How do you factor #x^4 + 3x^2 + 4#?

1 Answer
Aug 28, 2015

Answer:

Determine that #x^4+3x^2+4# only has quadratic factors with Real coefficients and solve some simultaneous equations to find:

#x^4+3x^2+4 = (x^2+x+2)(x^2-x+2)#

Explanation:

#x^4+3x^2+4# has no linear factors with Real coefficients since #x^4+3x^2+4 >= 4# for all #x in RR#.

So let's look for quadratic factors.

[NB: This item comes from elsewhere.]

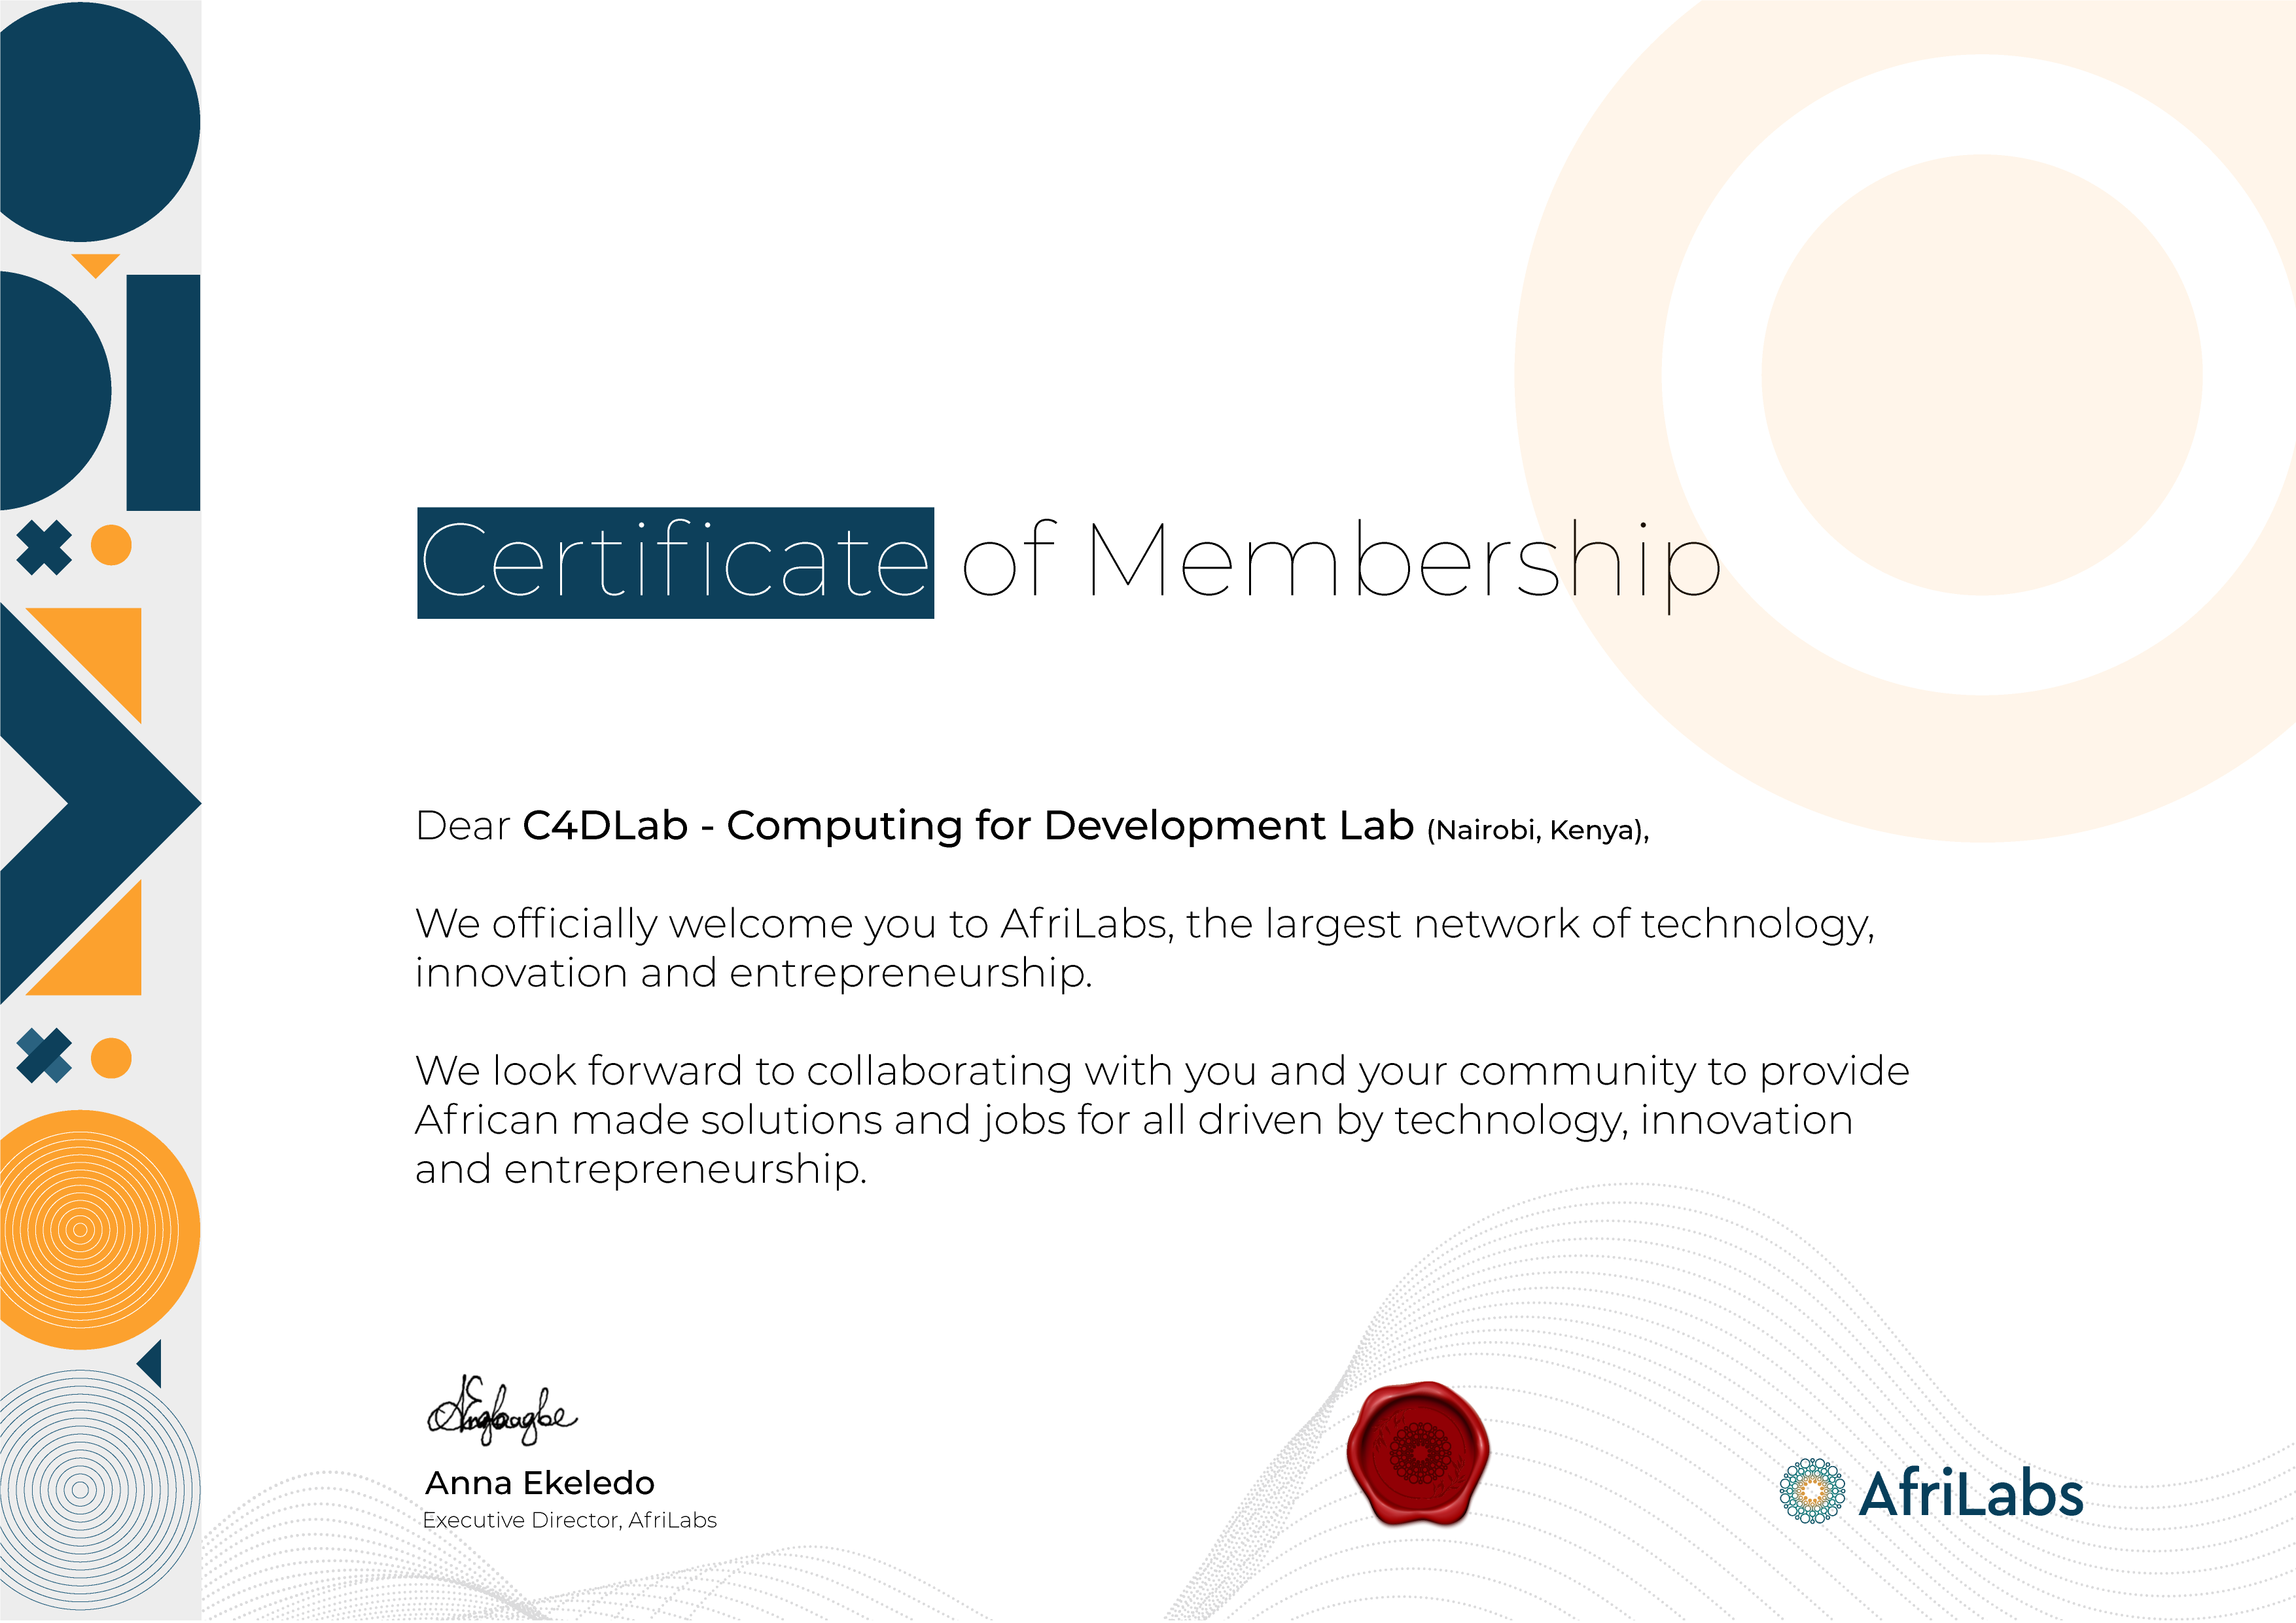 C4DLsb accepted into AfriLabs

Since there's no term in #x^3#, these must take the form:

#x^4+3x^2+4 = (x^2+ax+b)(x^2-ax+c)#

#=x^4+(b+c-a^2)x^2+a(c-b)x+bc#

Equating coefficients we find:

(i) #b+c-a^2 = 3#

(ii) #a(c-b) = 0#

(iii) #bc = 4#

From (ii), #a = 0# and/or #b = c#.

If #a = 0#, then we are effectively trying to find linear factors of #t^2+3t+4#, where #t = x^2#. This quadratic in #t# has a negative discriminant (#3^2-4*1*4 = 9-16 = -7#), so only Complex zeros.

So try #b=c#:

From (iii), we get #b = c = 2# or #b = c = -2#. If #a in RR# then #a^2 >= 0# and from (i) we get #b+c = 3+a^2 >= 3#. So #b = c = 2#.

Then #a^2 = b+c-3 = 2+2-3 = 1#. So #a = +-1#

Hence #x^4+3x^2+4 = (x^2+x+2)(x^2-x+2)#